Serrano referred to the staffing situation at Rogue Regional, a 378-bed regional trauma center where management recently announced it was shifting into “crisis standards of care,” invoking state rules allowing hospitals in Oregon to essentially declare an emergency and set aside staffing rules to keep beds open.

“Much like during the pandemic, Asante is experiencing an extreme surge in patient volume, mostly due to the rapid rise of influenza, respiratory syncytial virus (RSV) and COVID-19 cases,” said the announcement posted on Asante’s website.

As some people in Oregon and Southwest Washington were preparing to celebrate New Year’s eve with noisemakers and party hats, staff and practitioners in hospitals around Oregon were pulling on scrubs and getting ready for shifts that struggled to meet standards..

When Gov. Kate Brown terminated the COVID-19 emergency effective April 1, she wrote in her declaration that with the pandemic fading, she was “confident” no more emergencies would be needed to support health care workers. But that changed as RSV and the flu returned this winter, with Brown issuing emergency declarations for pediatric hospitals in November and expanding the emergency to adult hospitals.

At Rogue Regional, the Oregon Nurses Association considered the situation so bad that it issued a special statement.

“Nurses at Rogue Regional are under ever-increasing pressure to do more with less. Some nurses report having as many as ten patients at a time,” said a statement issued by a spokesperson. “This is not sustainable and further adds to the moral injury they have suffered during the pandemic. Asante executives must find a solution now and they can start by listening to their nurses and acting on their suggestions.”

Asante shot back with a statement of its own.

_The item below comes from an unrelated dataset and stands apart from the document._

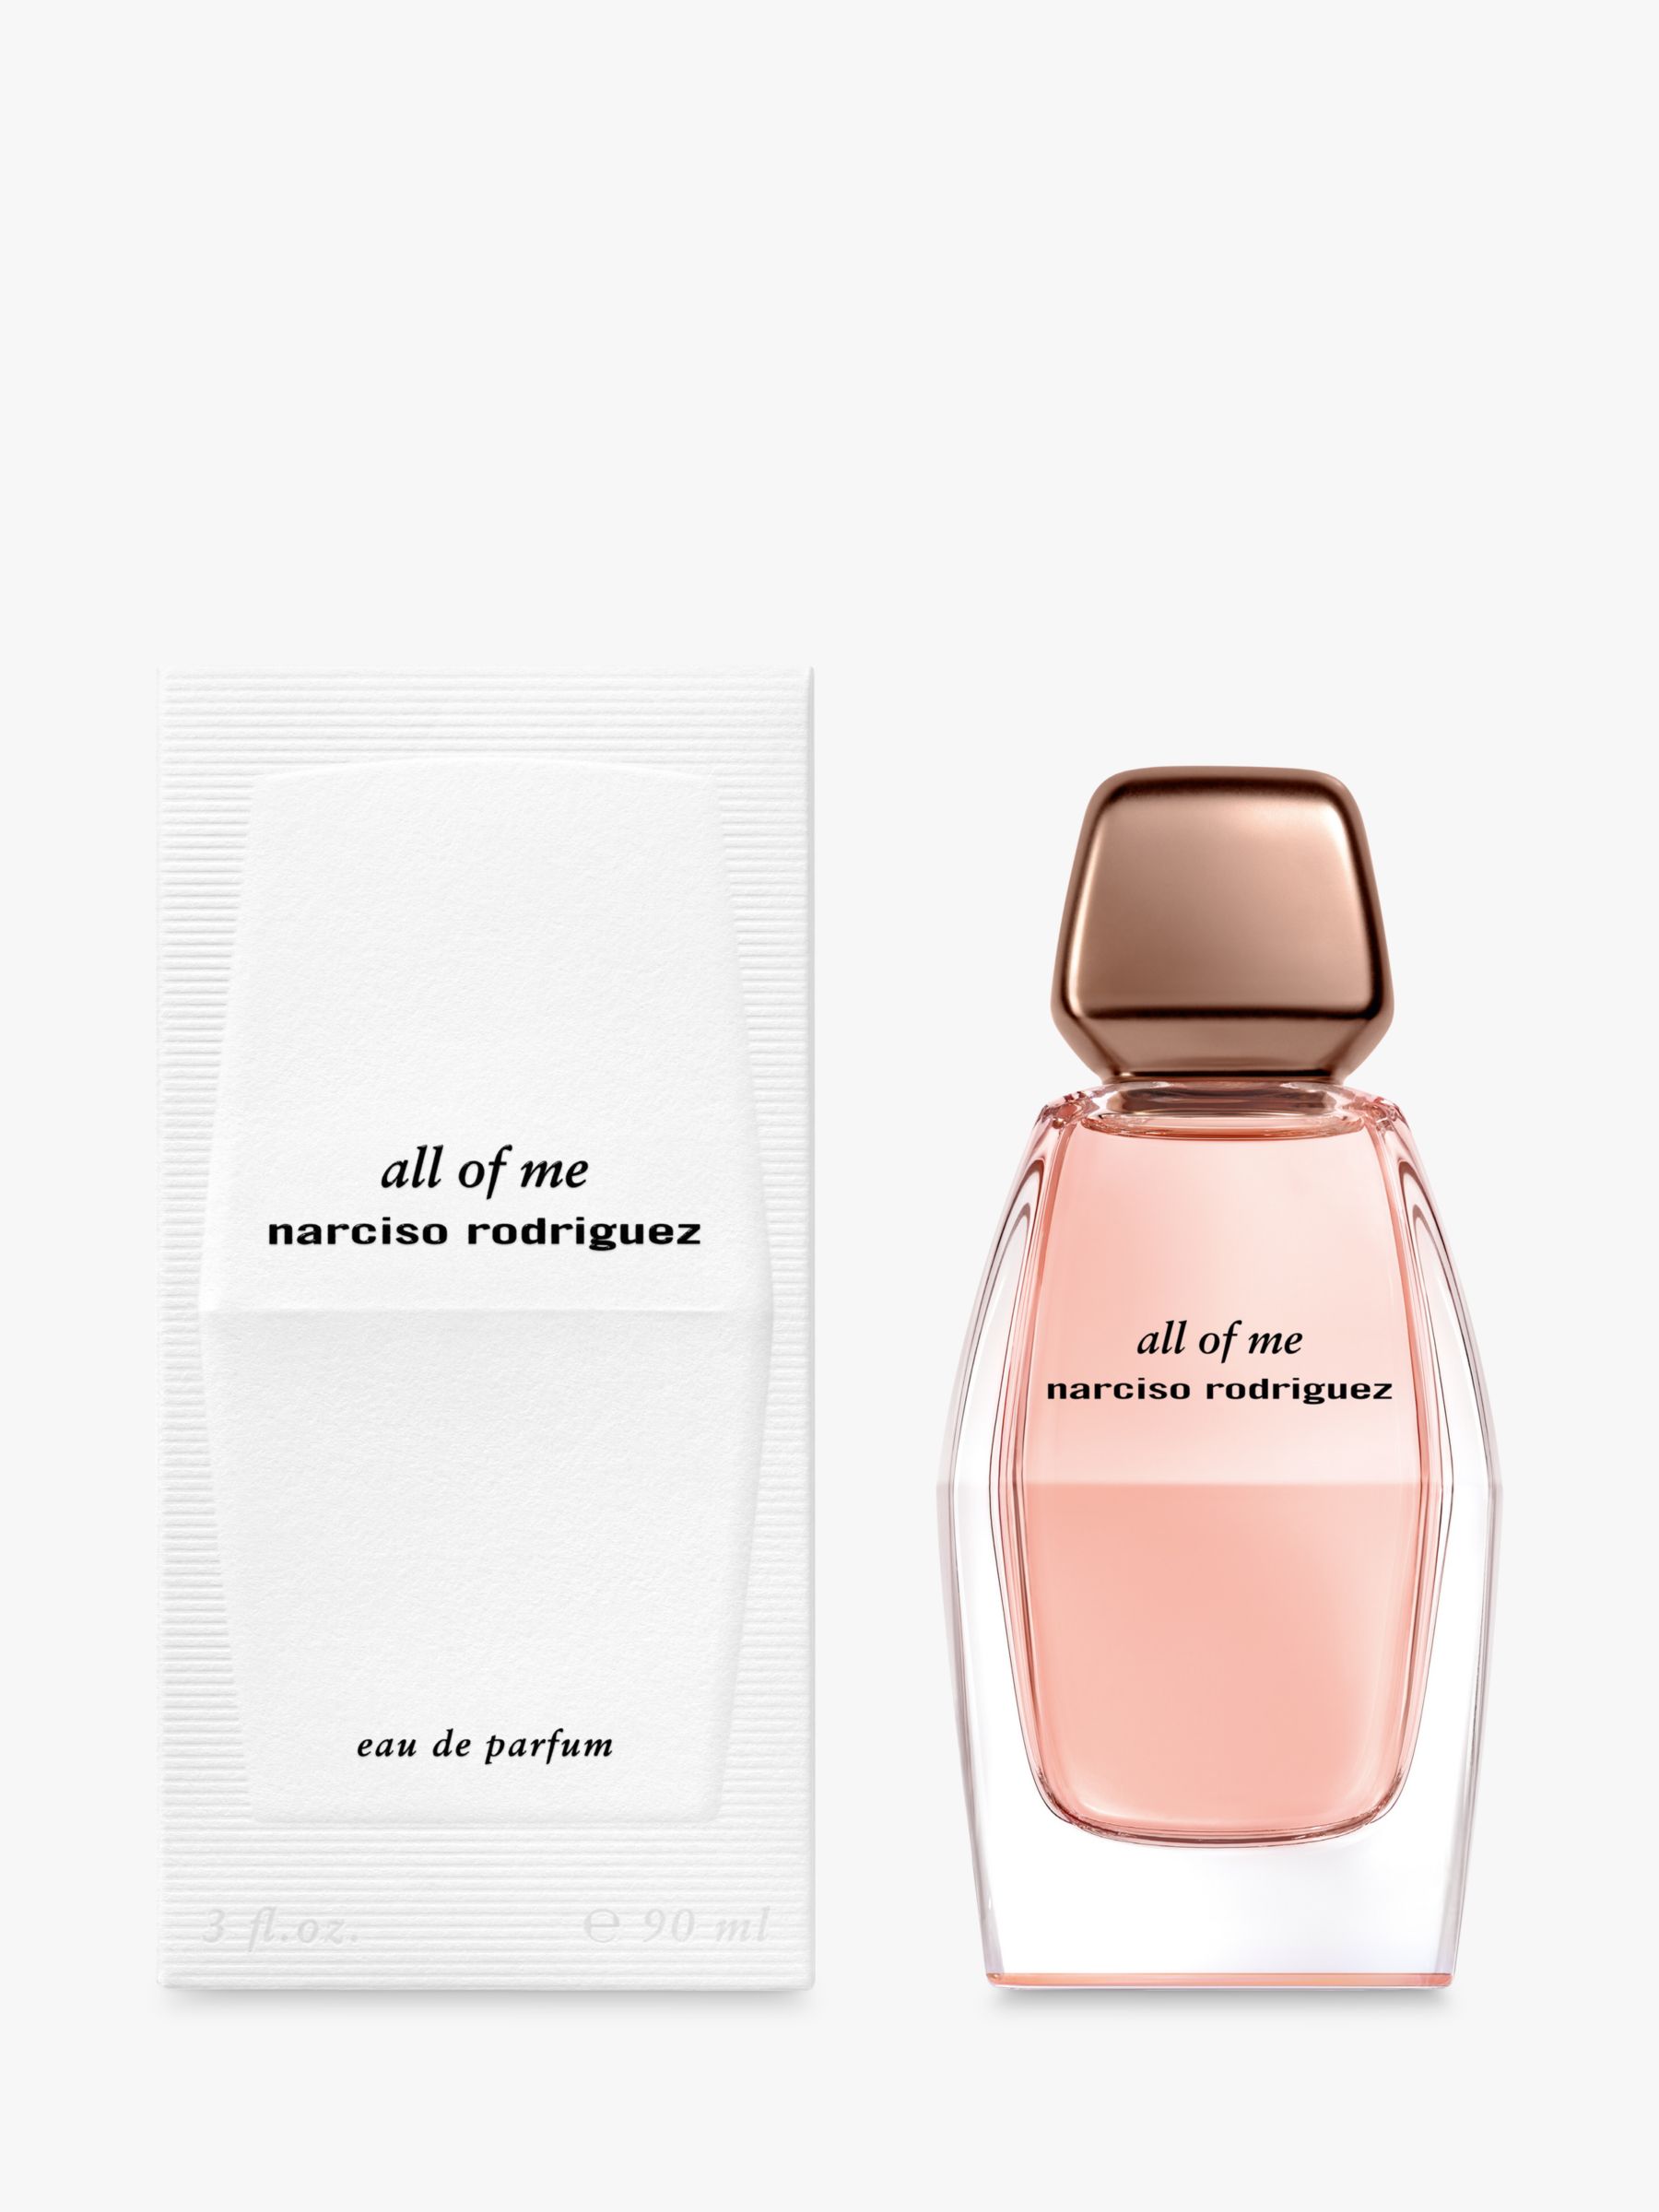 Narciso Rodriguez All Of Me Eau de Parfum, 90ml at John Lewis & Partners

“As with every hospital and health system in our state, and likely our country, Asante is experiencing record-breaking patient volumes coupled with extreme staffing shortages. During the past month, the nurse-to-patient ratio has been about one to six. It’s been as high as one to eight, however not higher.”

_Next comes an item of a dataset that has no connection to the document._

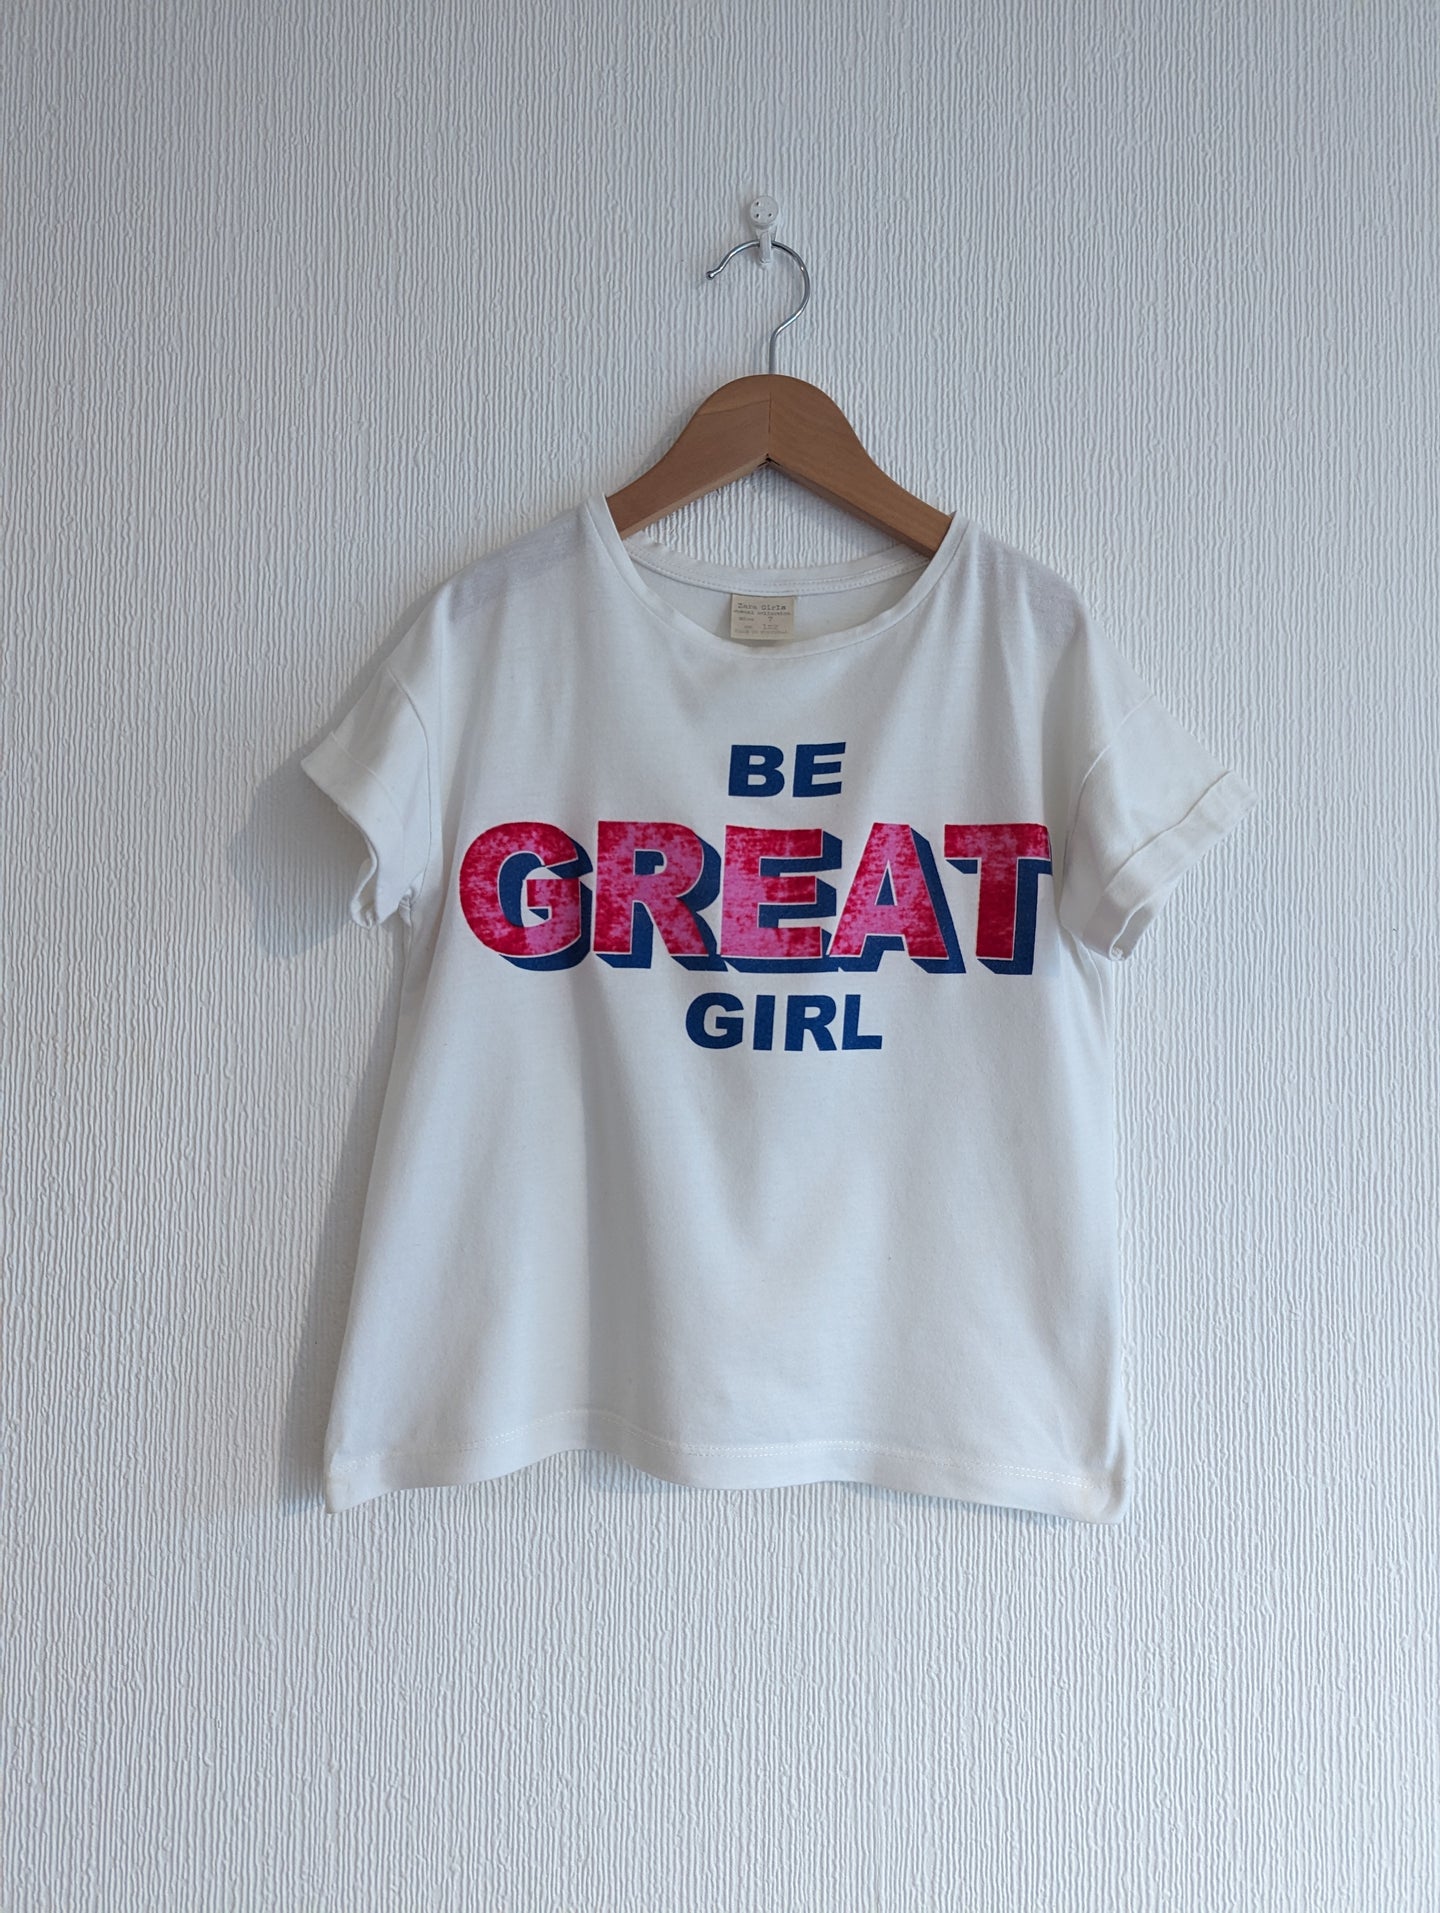 Be Great Girl Tee - 7 Years

The statement said Asante had taken steps that included “canceling non-urgent or elective-type surgeries if they require inpatient resources,” transferring staff, funding contract nurses, recruiting new employees and offering incentive pay for extra shifts.

Serrano, an evening shift charge nurse who spoke to The Lund Report in her union capacity, questioned whether the hospital had done all it could.

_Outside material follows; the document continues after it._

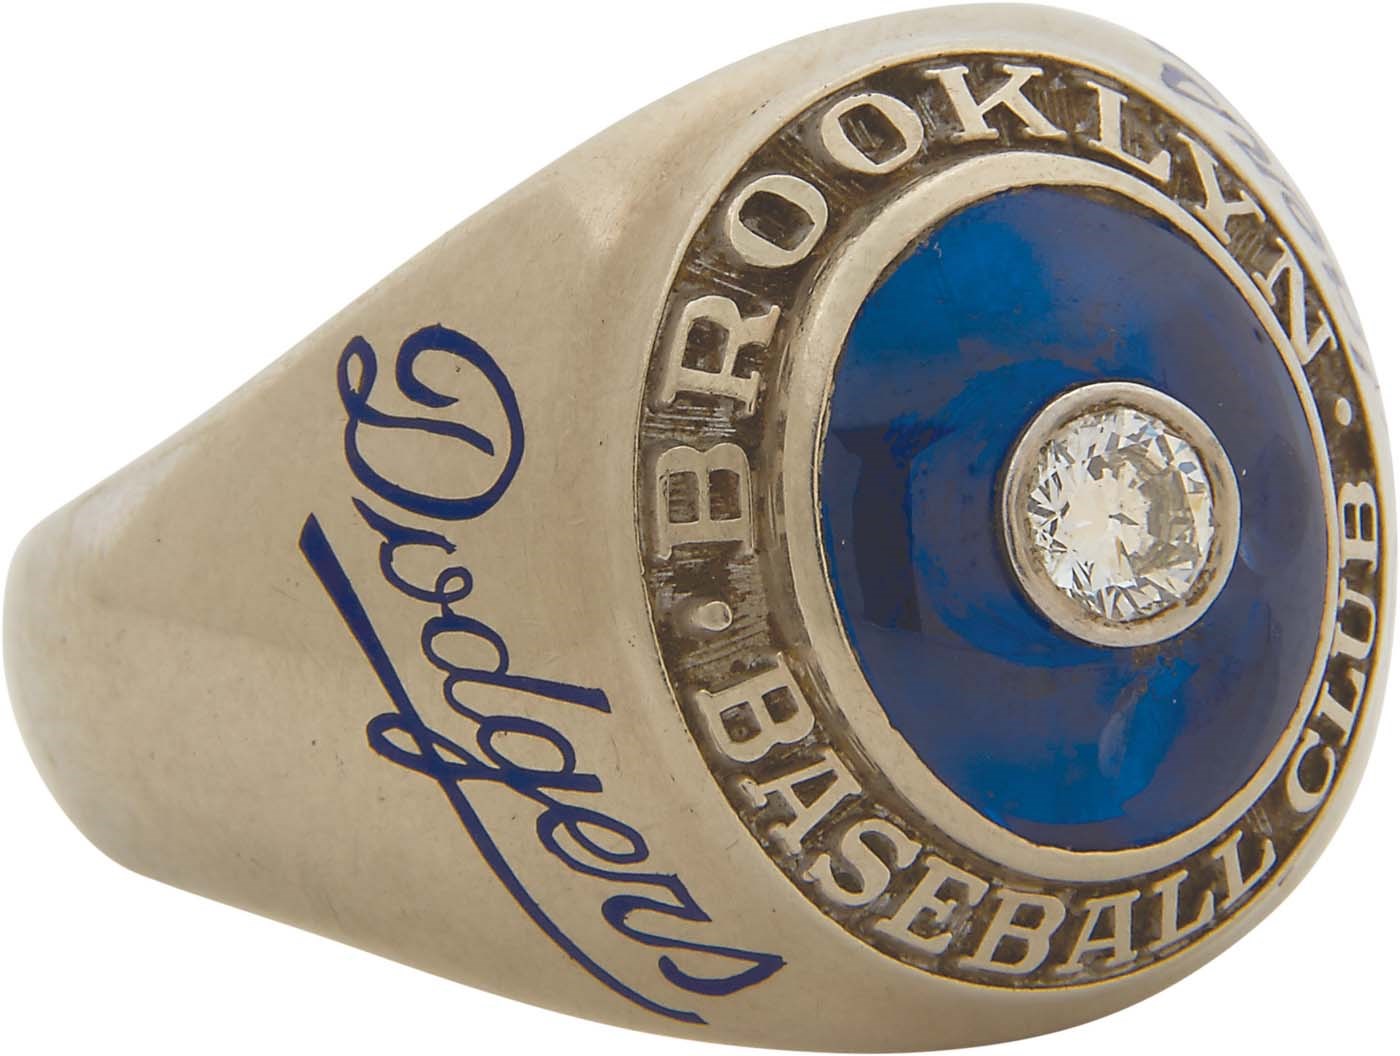 Circa 1947 Hap Minor Brooklyn Dodgers Team Ring

She said patients are sitting in the emergency room for days on end because there were no rooms to admit them to, and yet her understanding is that some elective, non-emergency surgeries were still taking place that risked inpatient stays.

She said the requests to take extra shifts may be voluntary, but they can come off as almost “punitive …  it's like demanding more than physically can be given. … We're just we're hemorrhaging nurses, because you can't keep going into that like battlefield and not having an employer behind you really doing everything they can.”

Asante’s reported profits were down in 2021, leading to losses in the first quarter of 2022. However, its investment portfolio grew significantly last year rising to $826 million at the end of 2021, from $755 million a year earlier.